Runtime-side changes

Add the following function to the mmtk.h file:

[...]

/**
 * Bind a mutator thread in MMTk
 *
 * @param tls pointer to mutator thread
 * @return an instance of an MMTk mutator
 */
MmtkMutator mmtk_bind_mutator(VMThread tls);

[...]

The mmtk_bind_mutator function takes in an opaque pointer representing an instance of the runtime's mutator thread and returns an opaque pointer to a Mutator instance back to the runtime. The runtime must store this pointer somewhere, preferably in its runtime thread local storage implementation, as MMTk requires a Mutator instance to allocate and perform other actions.

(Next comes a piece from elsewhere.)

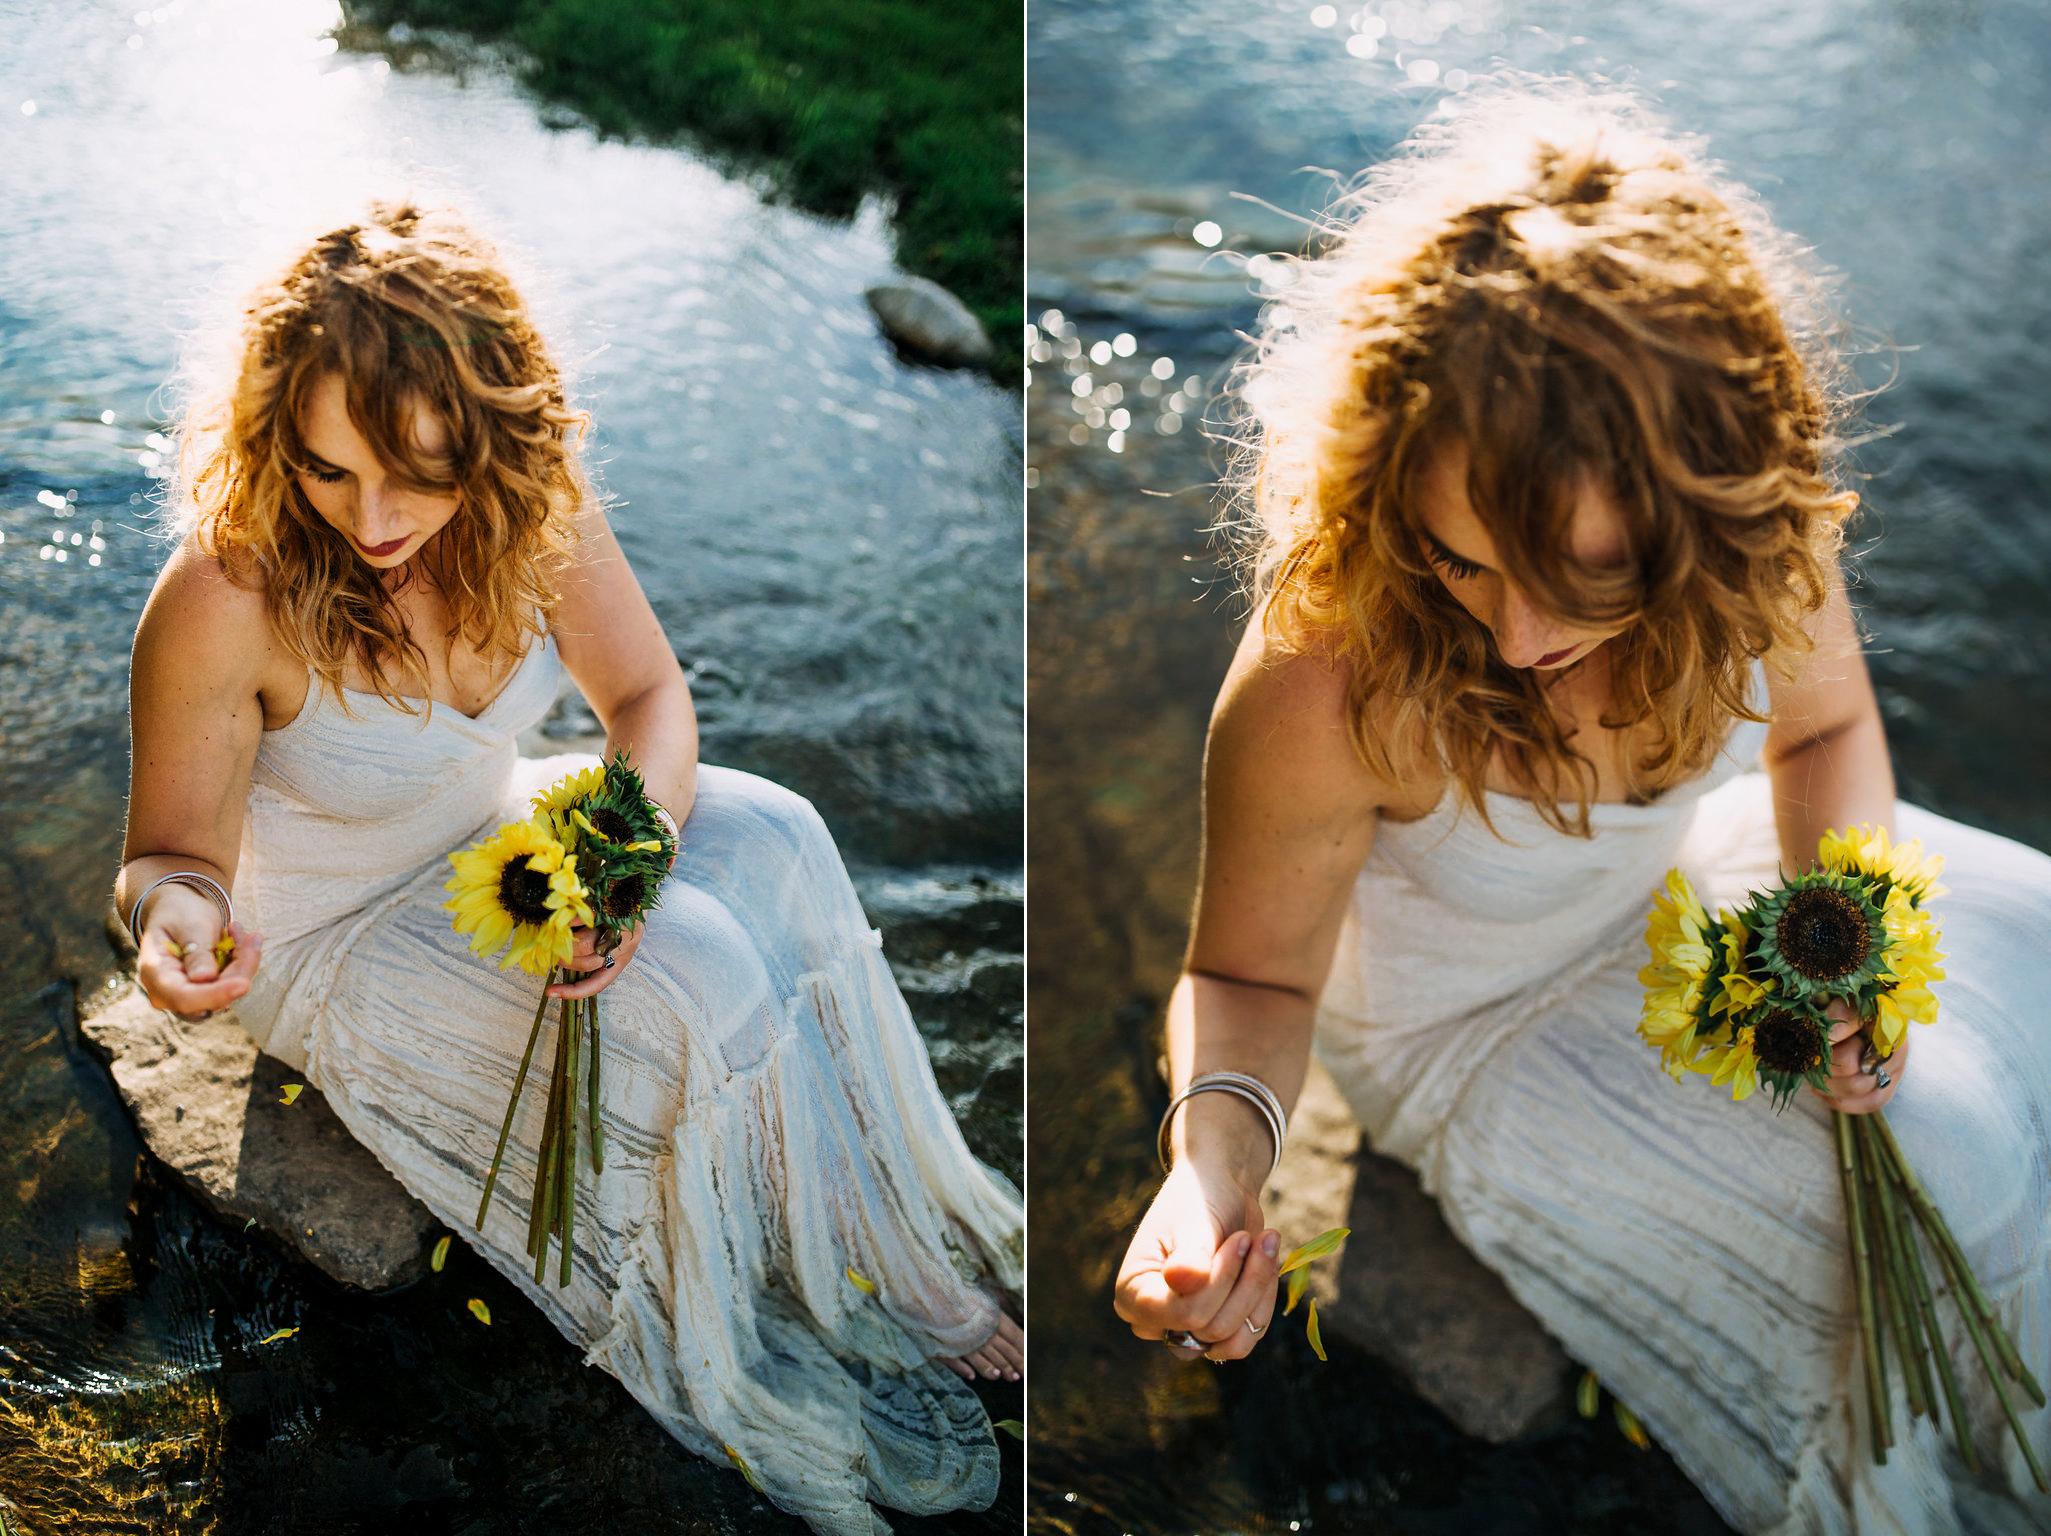 Camille-Joy-Music-Franklin-Tennessee-Photographer-Creek-Berry-Farms-Senior-Portraits-Water-18

The placement of the mmtk_bind_mutator call in the runtime depends on the runtime's implementation of its thread system. It is recommended to call mmtk_bind_mutator when the runtime initializes the thread local storage of a newly created thread. This ensures that the thread can allocate from MMTk immediately after initialization.

MMTk-side changes

The Rust side of the binding should simply defer the actual implementation to mmtk::memory_manager::bind_mutator. See the OpenJDK binding for an example.

Allocation

Now we can finally implement the allocation functions.

Runtime-side changes

Add the following two functions to the mmtk.h file:

[...]

/**
 * Allocate an object
 *
 * @param mutator the mutator instance that is requesting the allocation
 * @param size the size of the requested object
 * @param align the alignment requirement for the object
 * @param offset the allocation offset for the object
 * @param allocator the allocation semantics to use for the allocation
 * @return the address of the newly allocated object
 */
void *mmtk_alloc(MmtkMutator mutator, size_t size, size_t align,
        ssize_t offset, int allocator);

/**
 * Set relevant object metadata
 *
 * @param mutator the mutator instance that is requesting the allocation
 * @param object the returned address of the allocated object
 * @param size the size of the allocated object
 * @param allocator the allocation semantics to use for the allocation
 */
void mmtk_post_alloc(MmtkMutator mutator, void* object, size_t size, int allocator);

[...]

In order to perform allocations, you will need to know what object alignment the runtime expects. Runtimes often align allocations at word boundaries (i.e. 4- or 8-bytes) as it allows the CPU to access the data faster at execution time. Additionally, the runtime may use the unused lowest order bits to store flags (e.g. type information), so it is important that MMTk respects these expectations. Once you have figured out the alignment requirements for your runtime, you should update the MIN_ALIGNMENT constant in VMBinding to the correct value.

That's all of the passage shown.